Н-ну, я подумал, подумал… Что толку тянуть? Можно, конечно, было просто выпить бутылку коньку-с, да и заглянуть в дуло… Да только меня вдруг со страшной силой домой потянуло! На Родину… Хоть бы одним глазком взглянуть на мой родной Питер перед смертью! Собрался я, отдал все долги, через РОВС (Российский Общевоинский Союз, организация русских офицеров в зарубежье. Прим. Переводчика) нашел концы в Финляндии…
Вот, представьте, пробираюсь я вместе с финном-проводником через кордон под Сестрорецком…Казалось бы — все тоже самое: ночь, мокрая трава, те же лягушки под той же луной истошно орут…Ан нет! Дома я!.. И так мне вдруг на душе стало светло и радостно, как не поверите, бывает только в Христово Воскресенье…
И тут из кустов вылезает какой-то карацупа с индусом (Карацупа — это знаменитый большевистский пограничник, можно сказать, имя нарицательное, а Индус — его собака, из политкорректности переименованная потом в Ингуса, Прим. Переводчика) и оба[26] нечеловеческим голосом орут: «Стой! Кто идет?! Руки вверх!!»
Ох, как я им обрадовался! Не просто на Родине подохнуть, как собака под забором, а лечь костьми в неравном бою с комиссарами! Мечта-с. Да только не успел я свой маузер вытащить, как тут же получил рукояткой нагана от своего проводника…
— Чекист оказался?
— Да вроде того… как мне на допросе Лацис пояснил, они меня от самого Парижа вели!
— Ну, а дальше что было?
— Н-ну, что … на допросах я вел себя свободно и даже нагло: а чего мне бояться? Пули? Так эта свинцовая пилюля мне вроде лекарства…Ждал расстрела. И скажу честно — в камере смертников спал как младенец, впервые за восемнадцать лет! Потому что был дома…
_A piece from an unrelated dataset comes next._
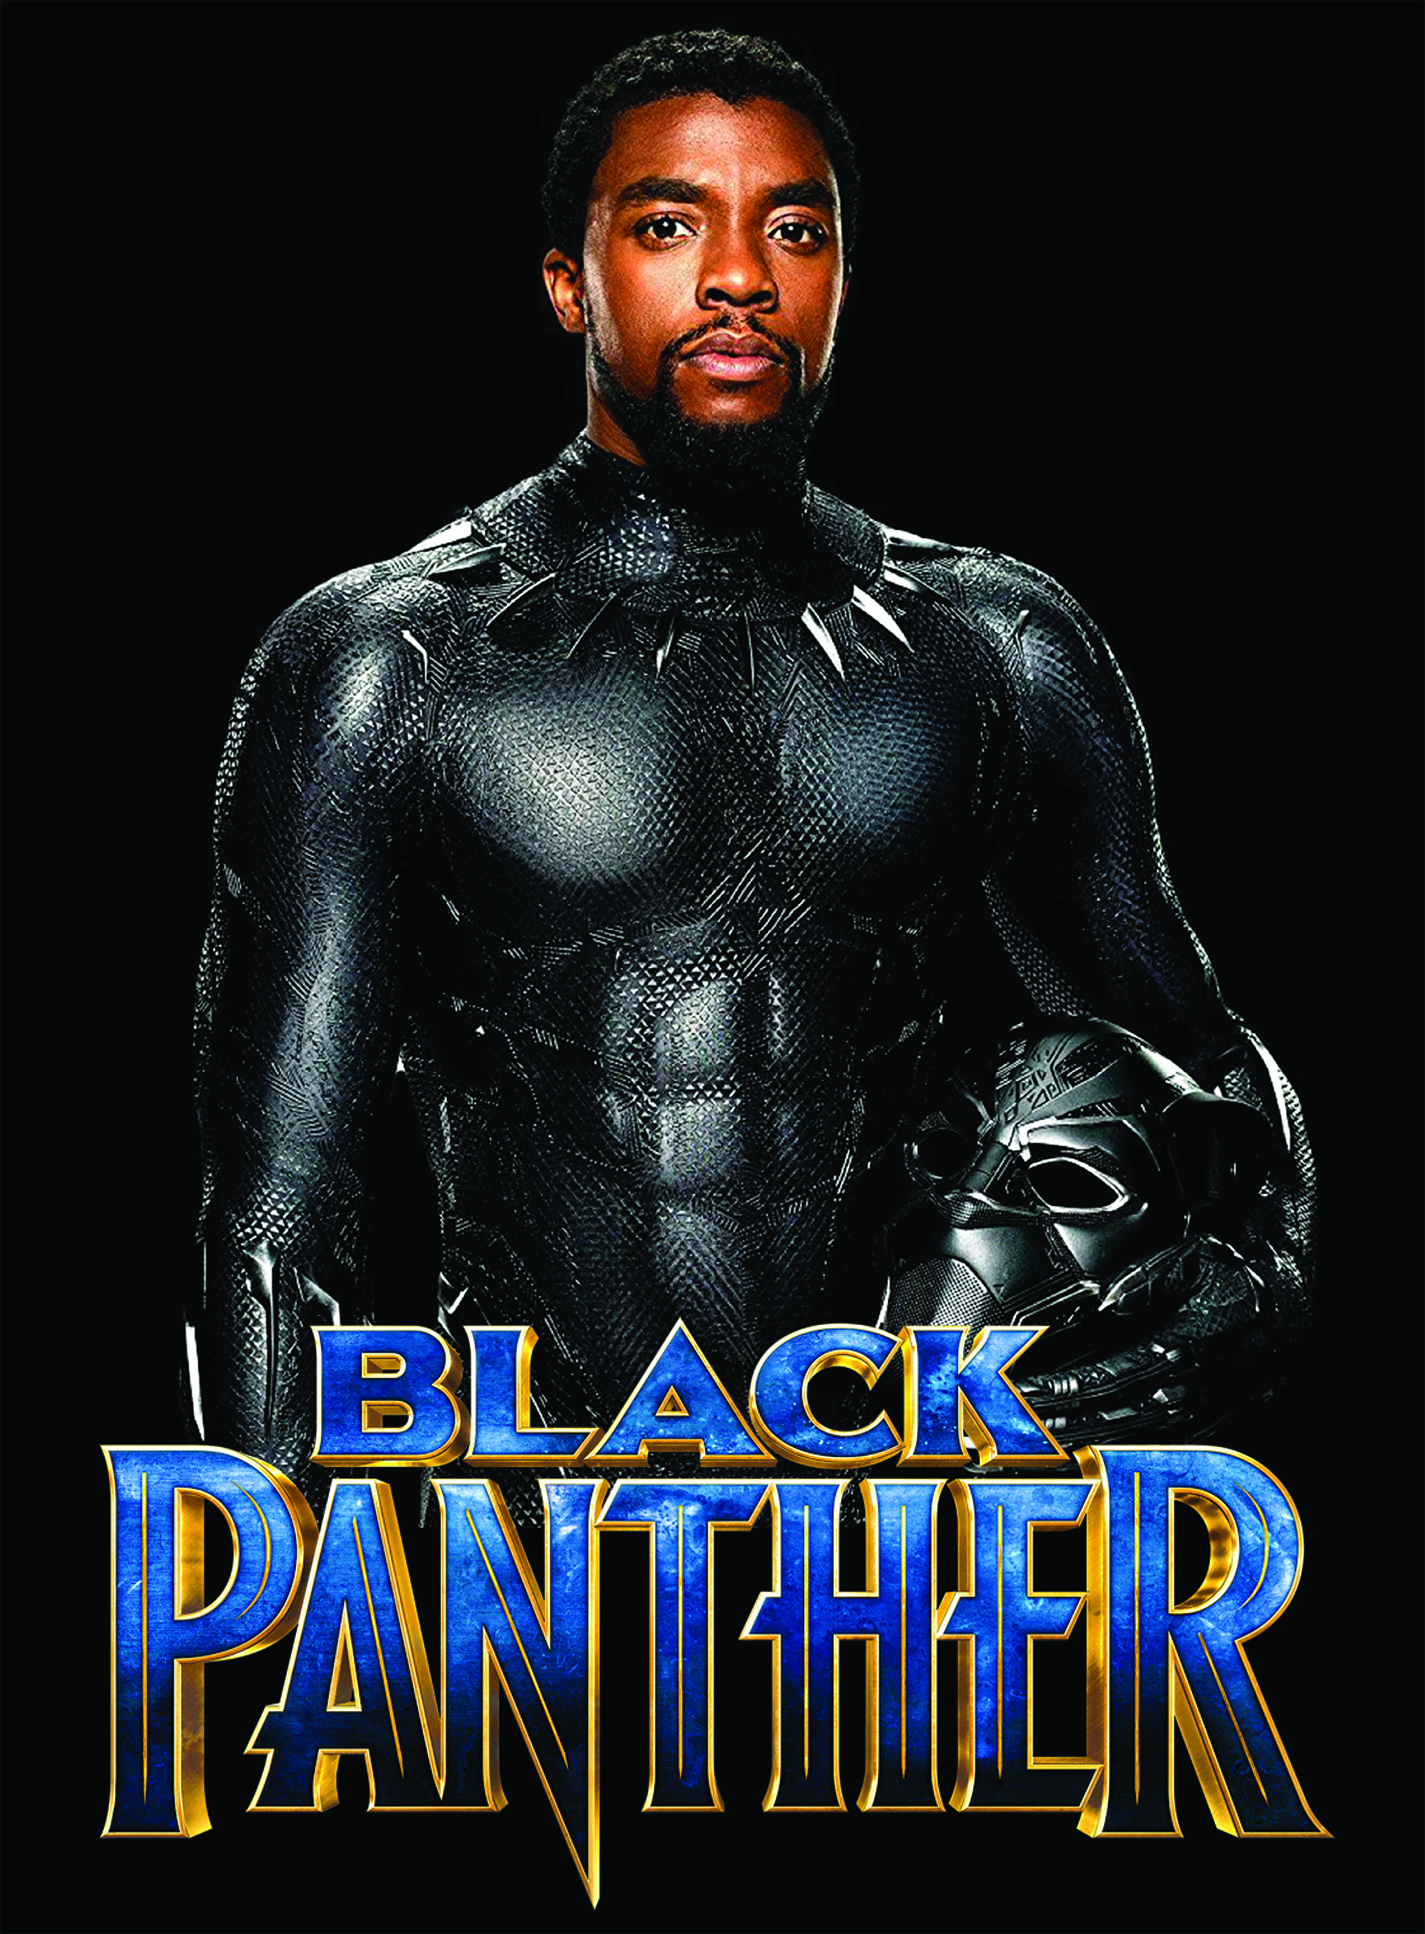 King T’Challa for Black Panther.

— Извините, гражданин…Ваши документы! — затянутый широким желтым кожаным ремнем поверх синей шинели, в застегнутом наглухо буденновском шлеме, в трехпалых варежках милиционер обращался вовсе не к заключенному Вершинину, а ко мне, сотруднику зловещих Органов… И не мудрено! Серый тюремный ватник обтягивал стройную фигуру бывшего подполковника (впрочем, почему бывшего?) как вторая кожа, только лишний раз подчеркивая ширину отведенных назад плеч и осиную тонкость талии… И выглядел на Вершинине донельзя органично!
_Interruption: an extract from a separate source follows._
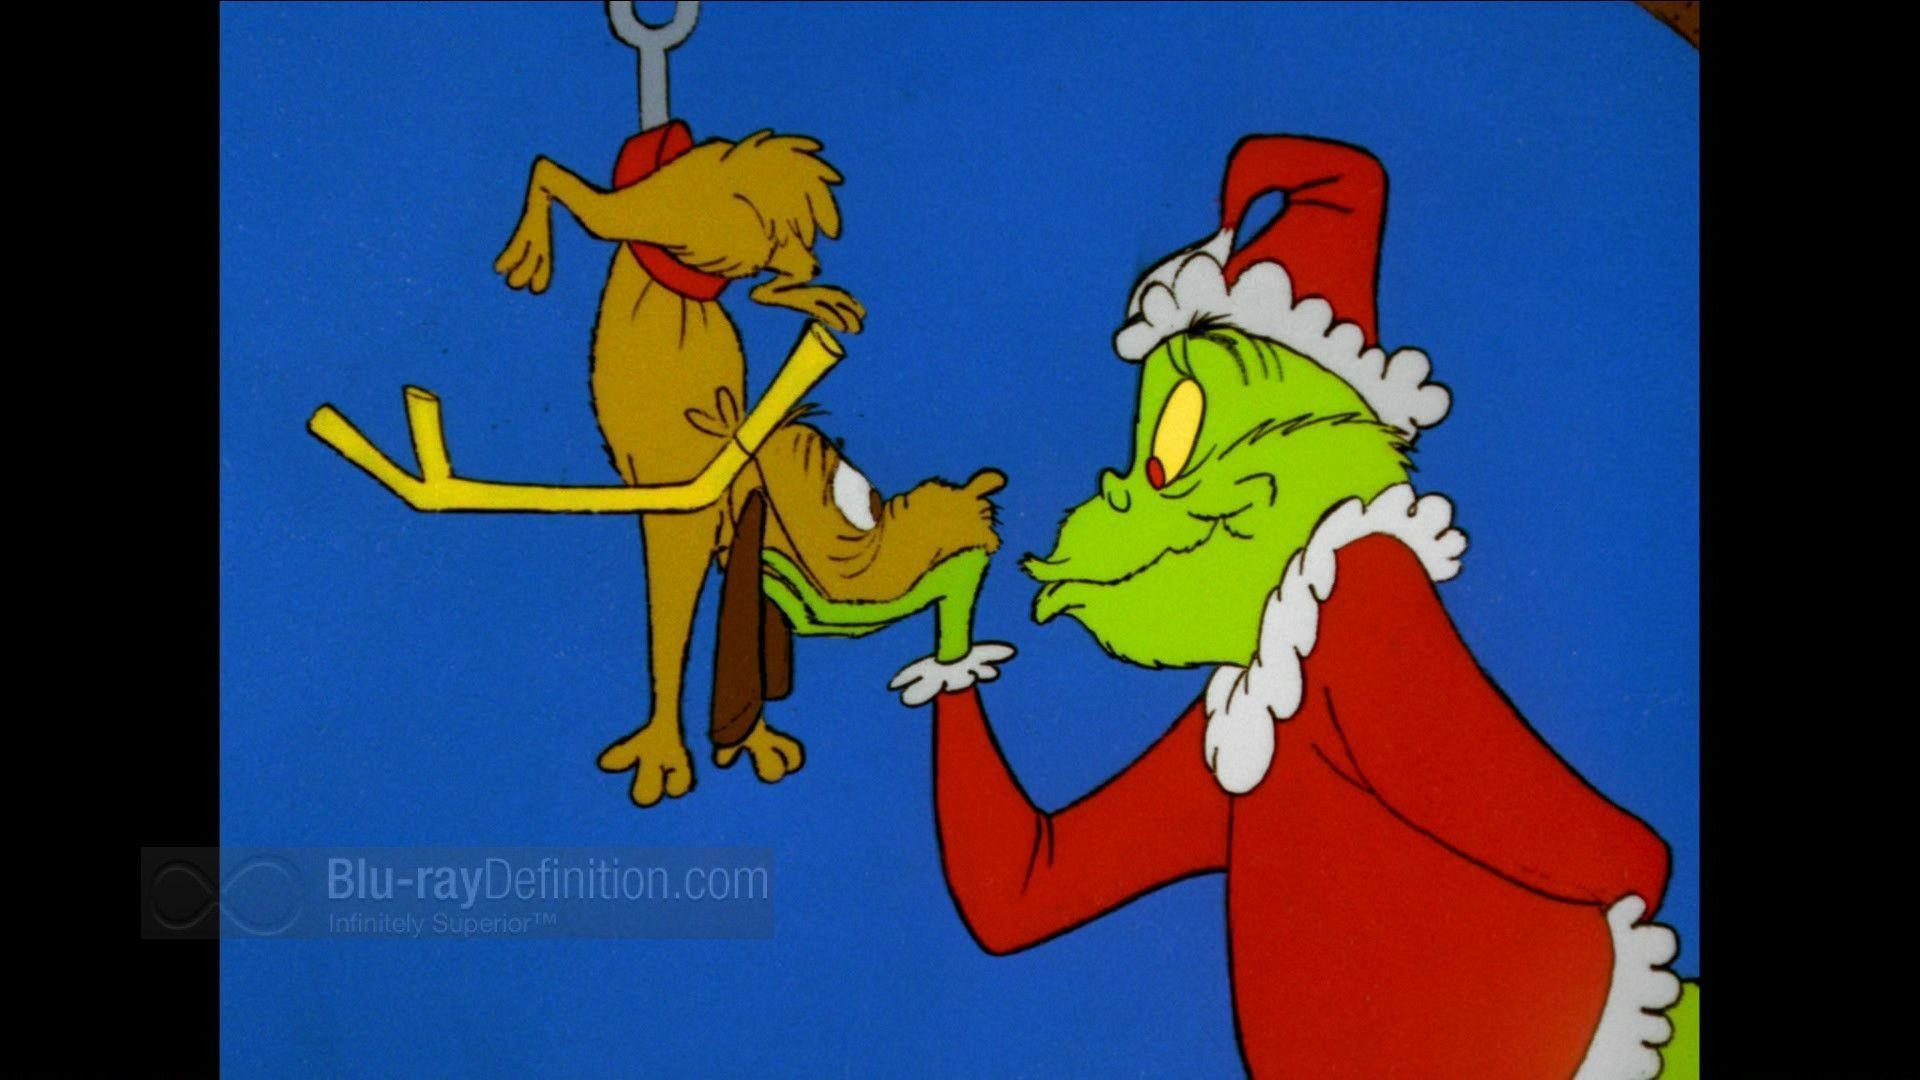 Wallpaper For > The Grinch Christmas Wallpaper

А выданное час назад в каптерке ТОН (тюрьма особого назначения. прим. переводчика) обмундирование (без знаков различия на темно-синих петлицах) сидело на мне колом, и топорщило где только возможно… А где не топорщило, там морщило. Новенькая. еще никем не ношенная шинель из полугрубого серого сукна, слегка (на пару размеров всего!) мне великоватая, была вся покрыта несокрушимыми складками от многолетнего хранения на пыльном стеллаже интендантского склада, а мои покрасневшие уши стыдливо прикрывала меньшая, чем нужно, на целых два номера буденновка с матерчатой красной звездой. Великолепный ансамбль завершала пара скрипучих яловых ботинок с обмотками (причем левая обмотка уже размоталась и висела, как сопля…) Кстати, ненадеванные ботинки не только вкусно, по арбузному хрустели, но еще жали и терли ногу.